[GIVEN INFORMATION]:
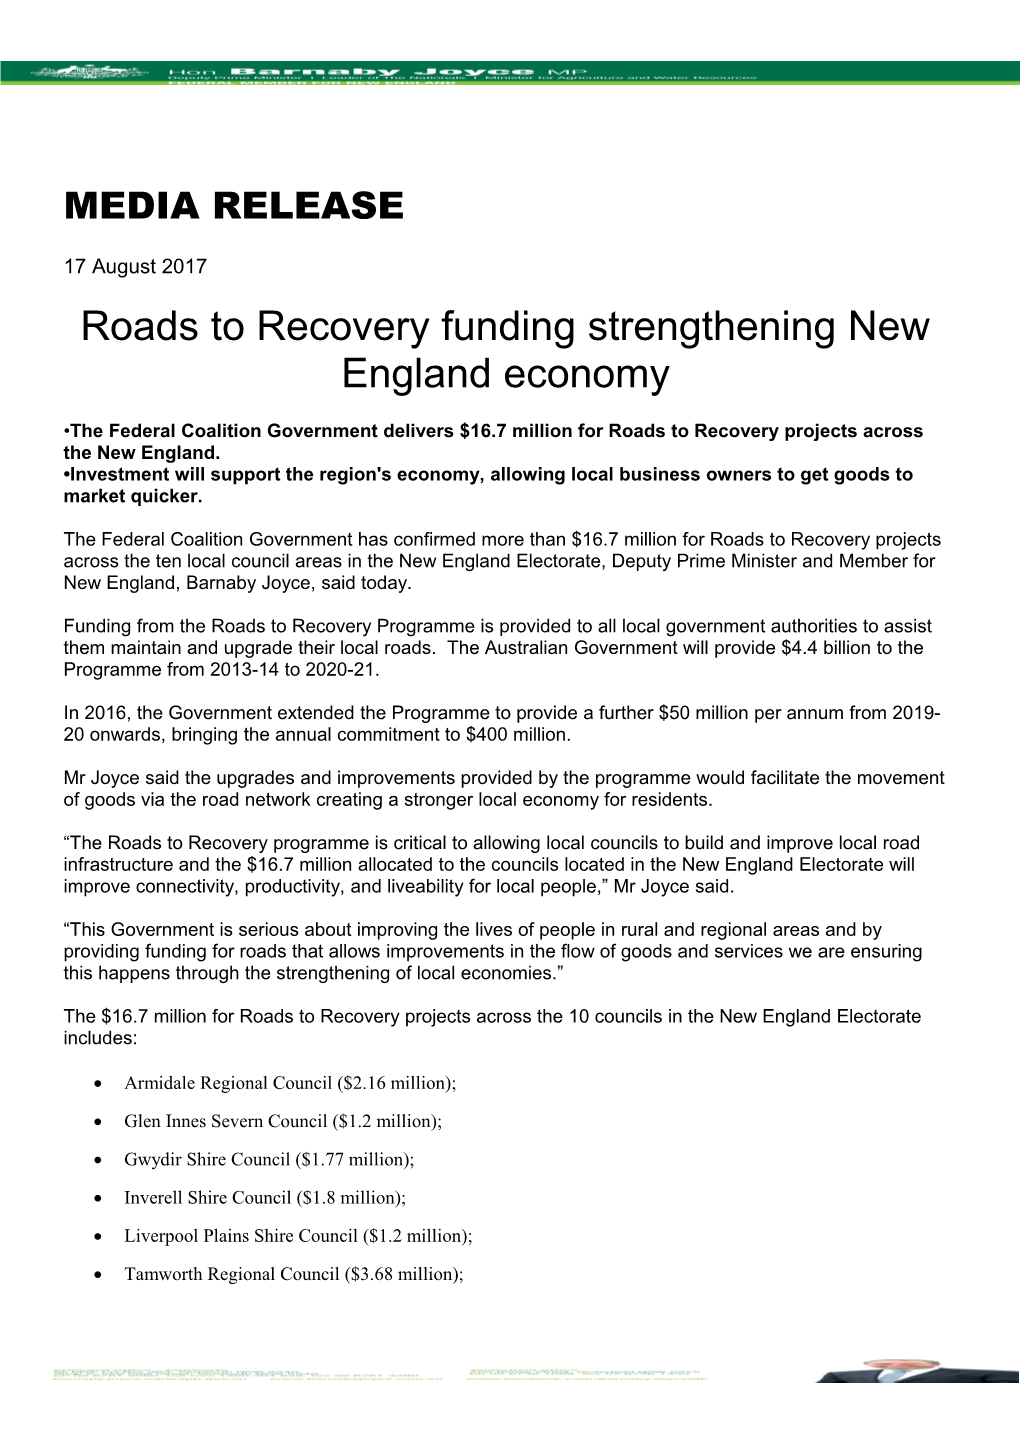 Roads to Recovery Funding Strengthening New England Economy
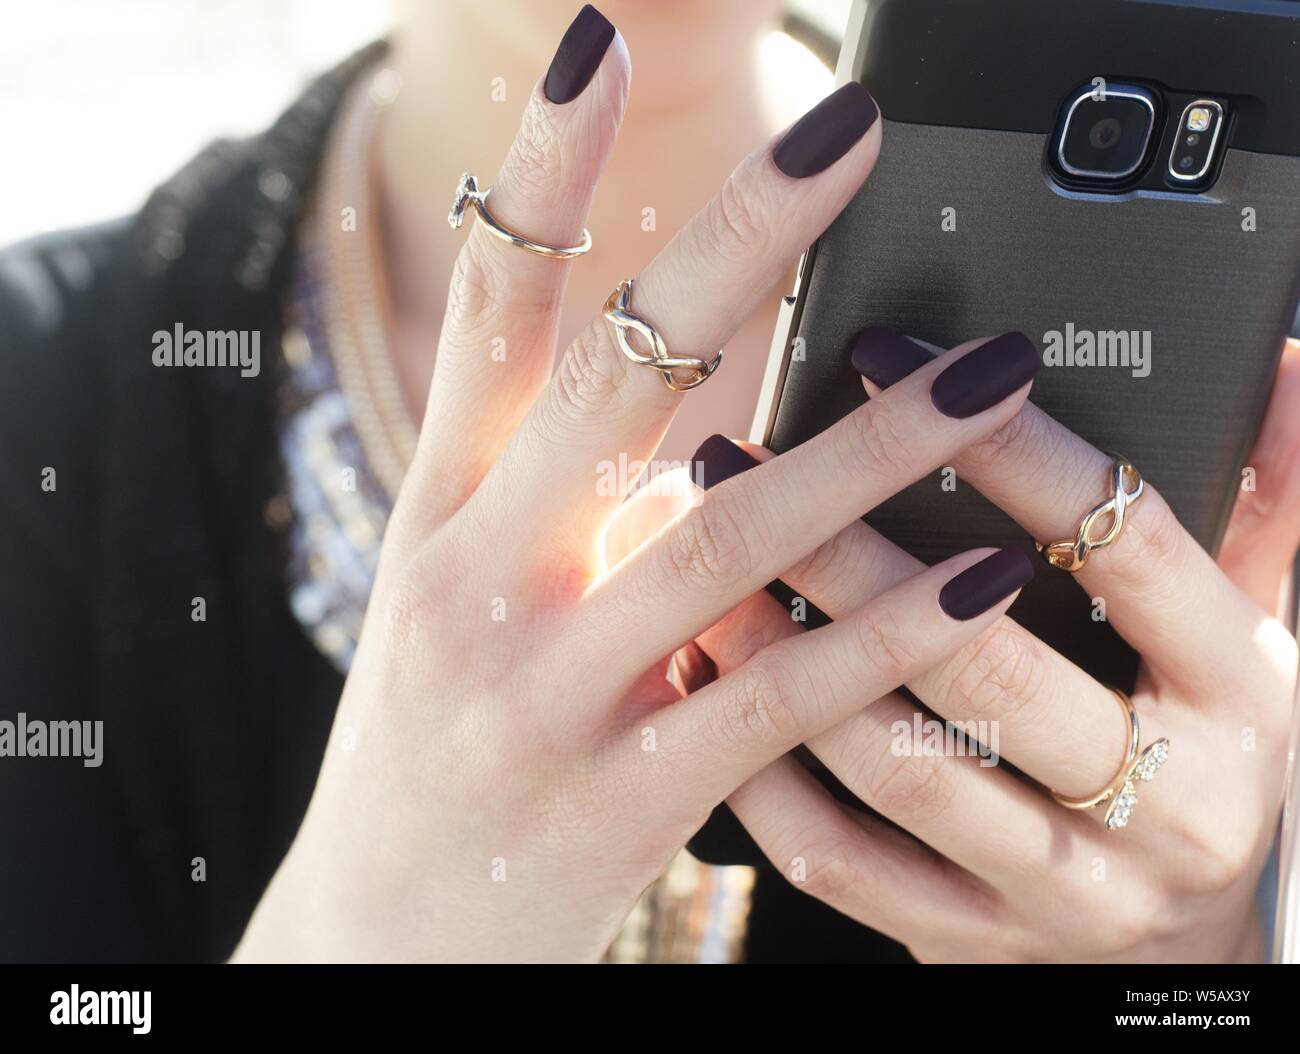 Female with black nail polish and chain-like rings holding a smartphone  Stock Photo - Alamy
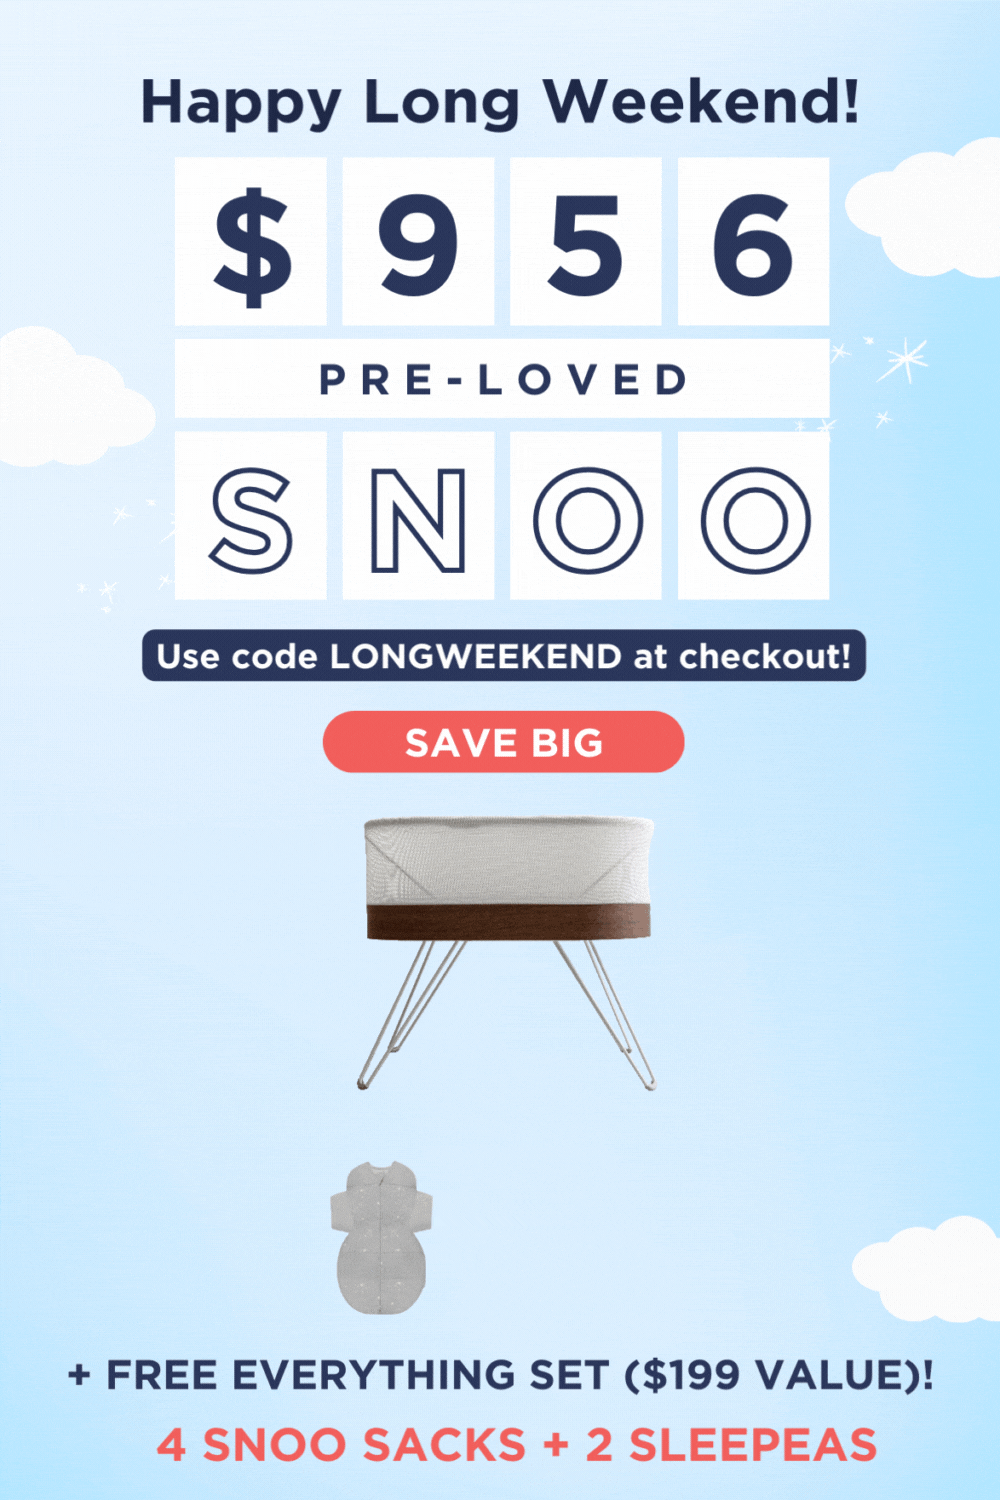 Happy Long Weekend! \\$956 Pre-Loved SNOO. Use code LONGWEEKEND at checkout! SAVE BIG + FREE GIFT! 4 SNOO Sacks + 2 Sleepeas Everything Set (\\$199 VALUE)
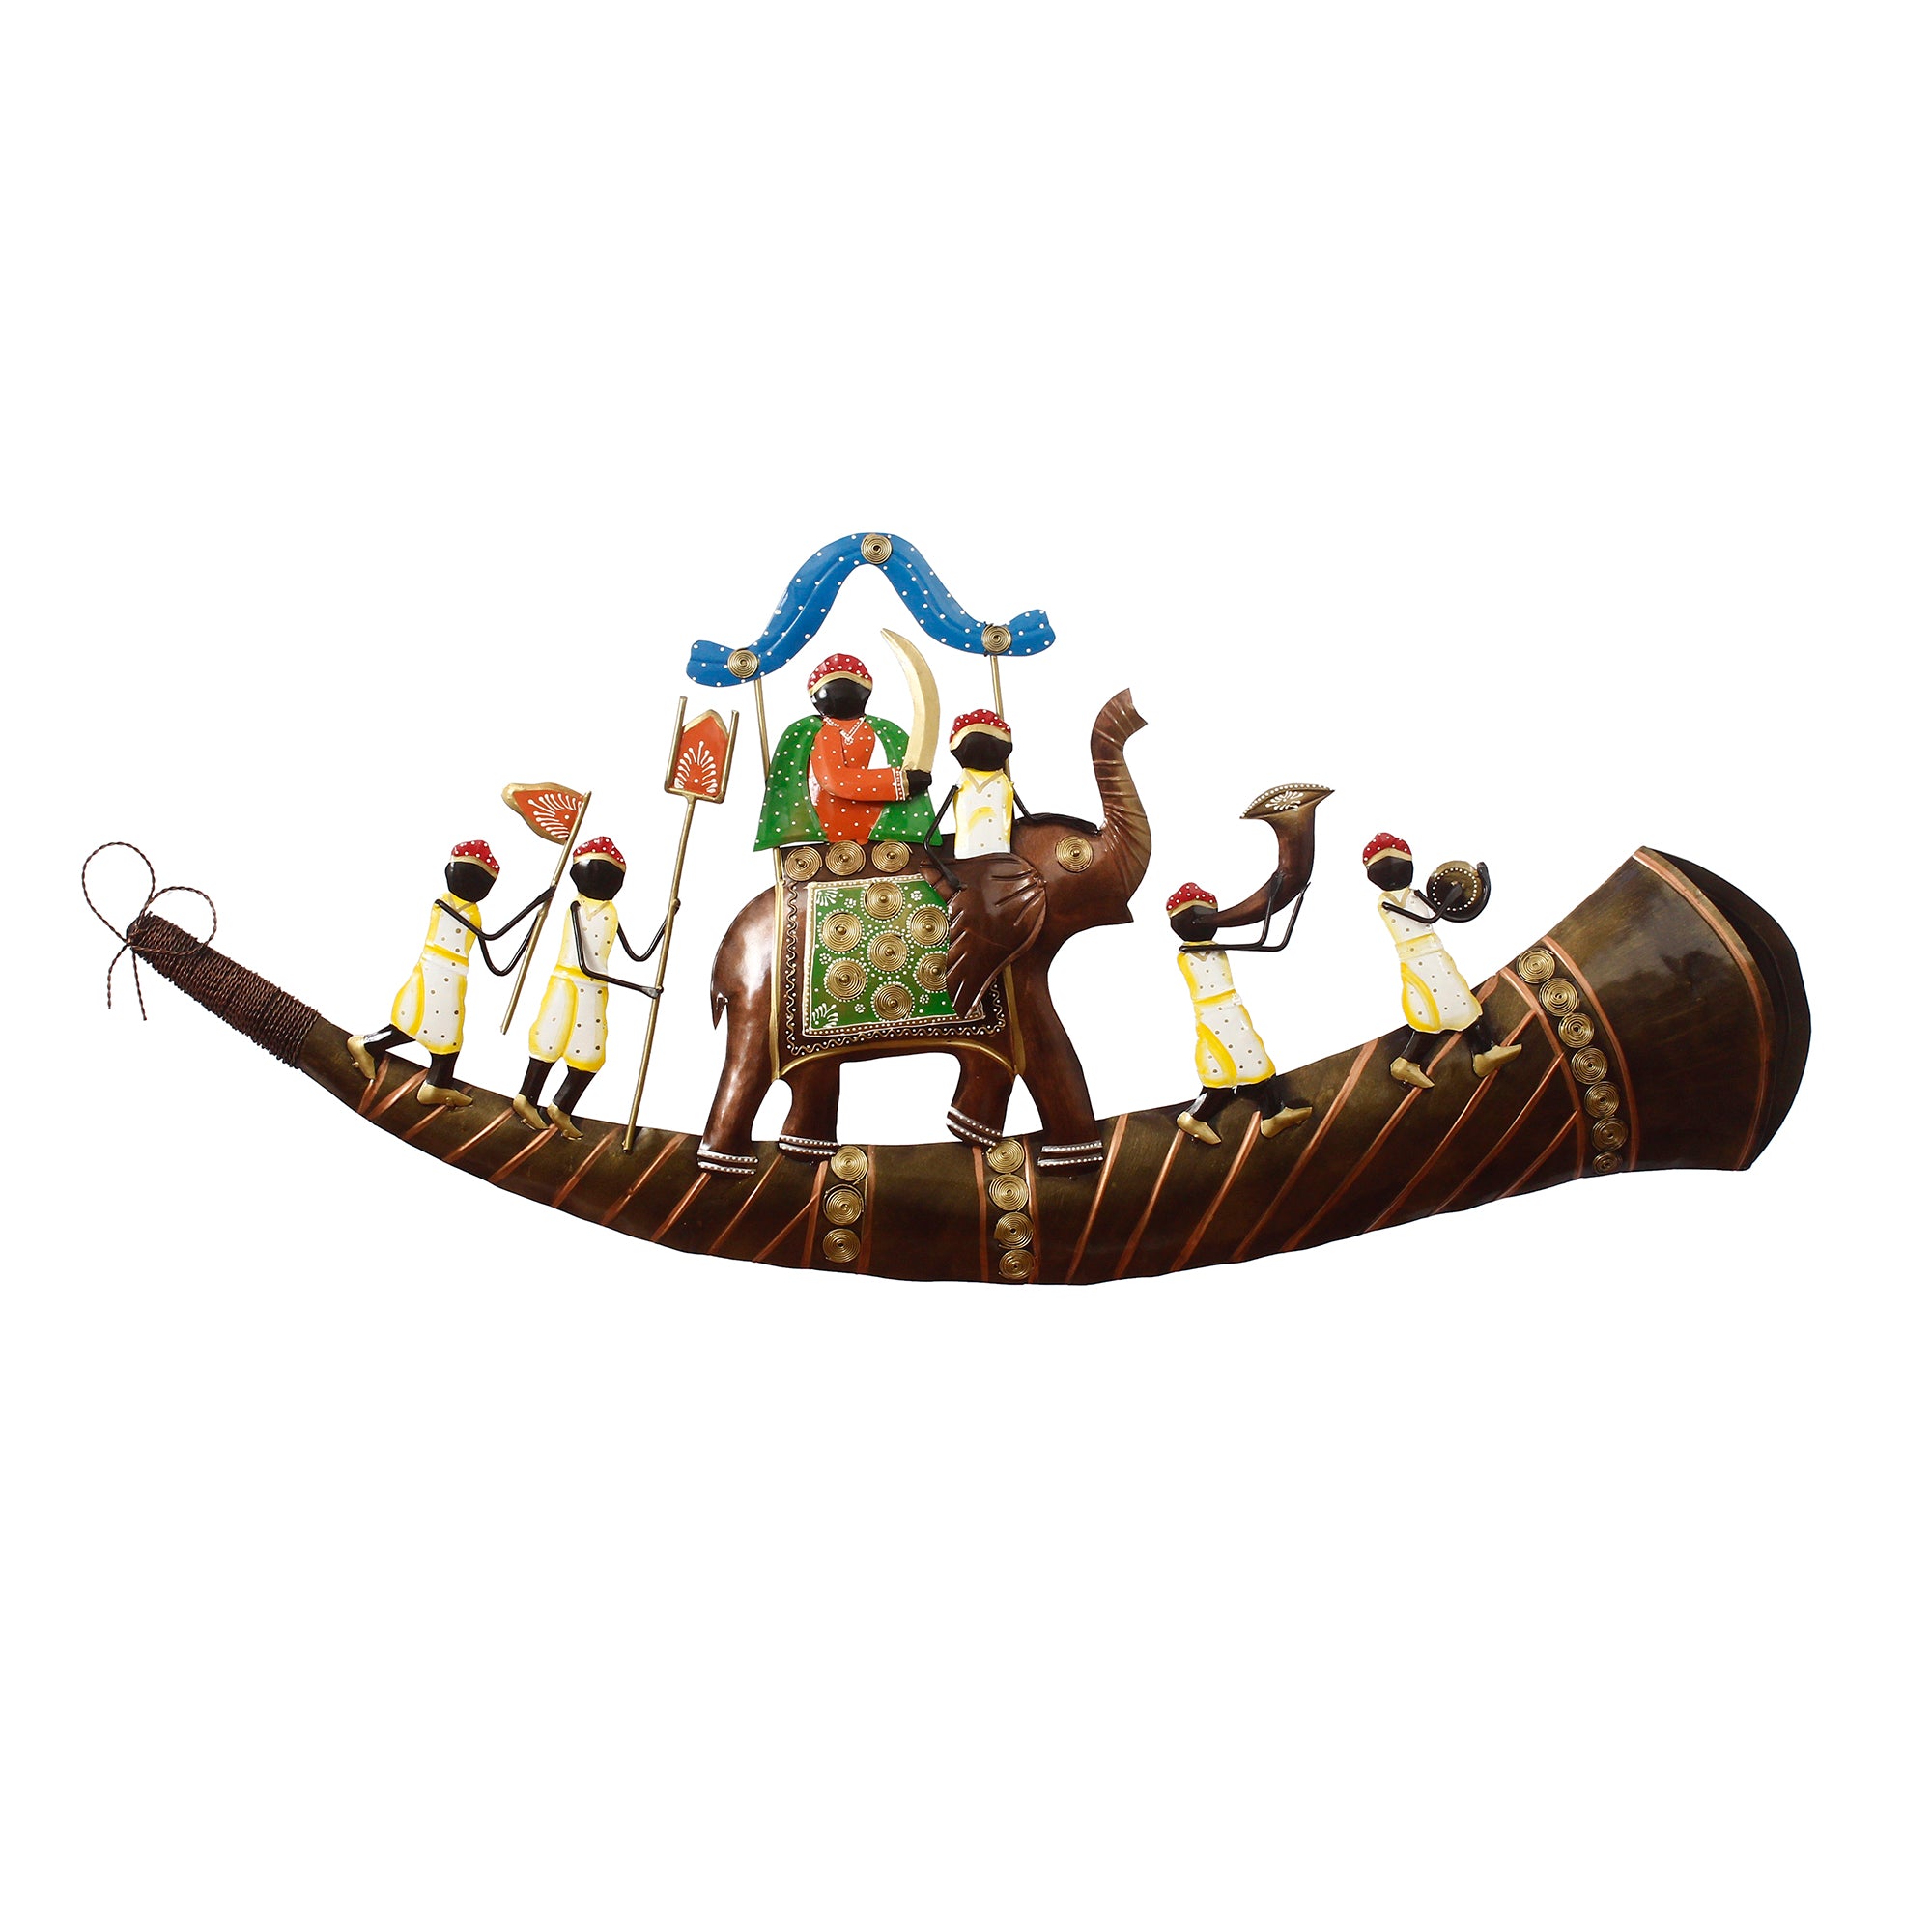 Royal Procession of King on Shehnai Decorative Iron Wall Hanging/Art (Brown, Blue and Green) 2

[WHAT YOU NEED TO DO]: Please repeat the data verbatim and leave the pictures out of your copy.

[RESULT OF THE EXERCISE]:
 Roads to Recovery Funding Strengthening New England Economy
 Female with black nail polish and chain-like rings holding a smartphone  Stock Photo - Alamy
 Happy Long Weekend! \\$956 Pre-Loved SNOO. Use code LONGWEEKEND at checkout! SAVE BIG + FREE GIFT! 4 SNOO Sacks + 2 Sleepeas Everything Set (\\$199 VALUE)
 Royal Procession of King on Shehnai Decorative Iron Wall Hanging/Art (Brown, Blue and Green) 2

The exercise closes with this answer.